** MATERIAL SHOWN follows **
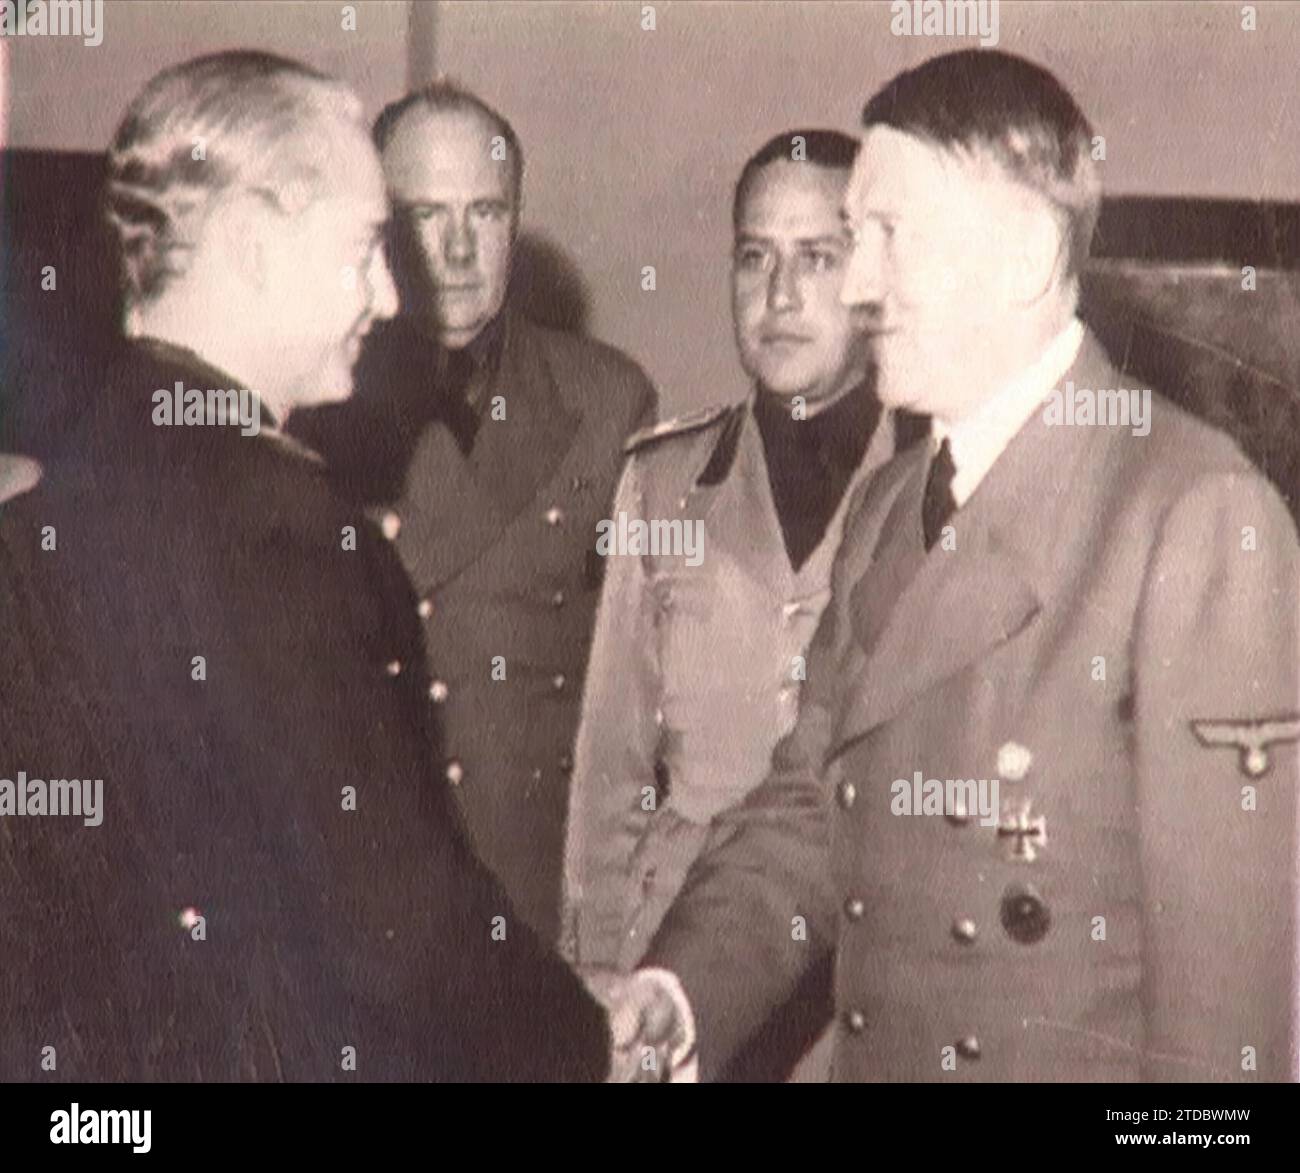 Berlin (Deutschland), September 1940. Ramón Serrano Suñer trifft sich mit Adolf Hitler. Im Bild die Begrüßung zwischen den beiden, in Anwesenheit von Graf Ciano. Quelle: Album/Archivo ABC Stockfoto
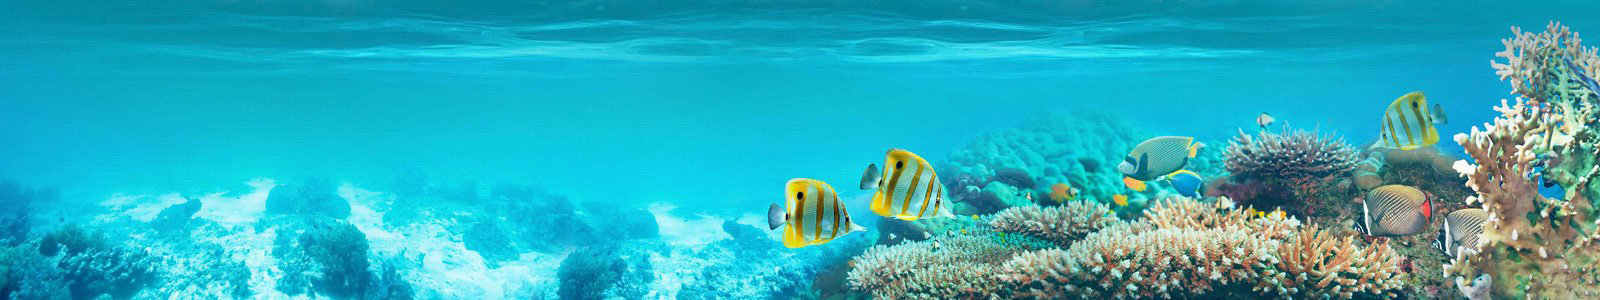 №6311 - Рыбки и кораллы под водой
** End of MATERIAL SHOWN **
** MATERIAL SHOWN follows **
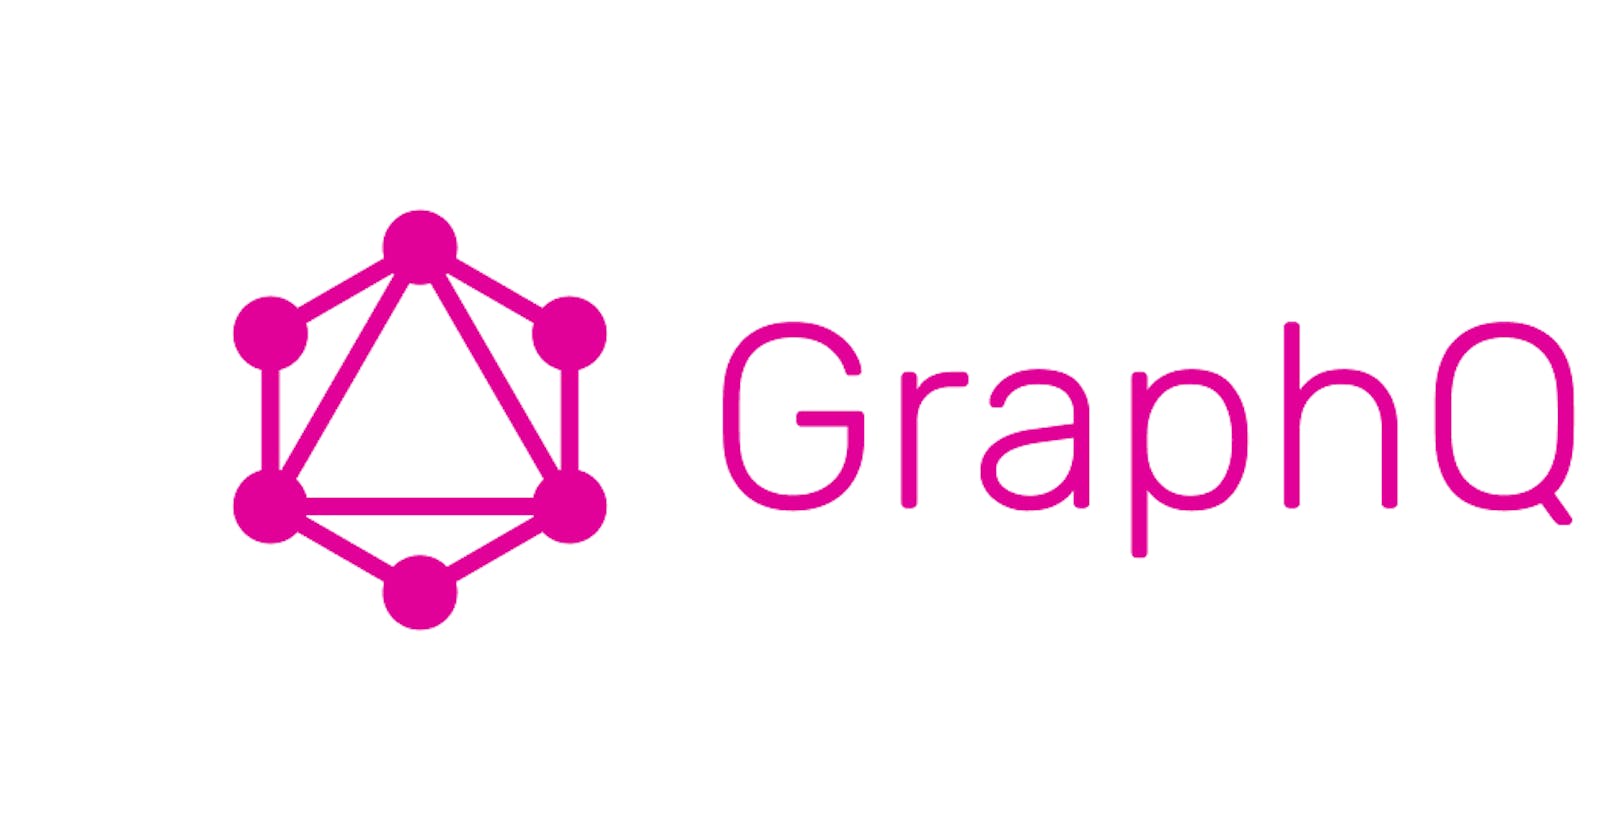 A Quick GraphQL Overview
** End of MATERIAL SHOWN **
Within the listing above, write out the stretch from the line with "Berlin (Deutschland), September" through the line with "кораллы под водой" exactly. Any pictures are to be left out.

 Berlin (Deutschland), September 1940. Ramón Serrano Suñer trifft sich mit Adolf Hitler. Im Bild die Begrüßung zwischen den beiden, in Anwesenheit von Graf Ciano. Quelle: Album/Archivo ABC Stockfoto
 №6311 - Рыбки и кораллы под водой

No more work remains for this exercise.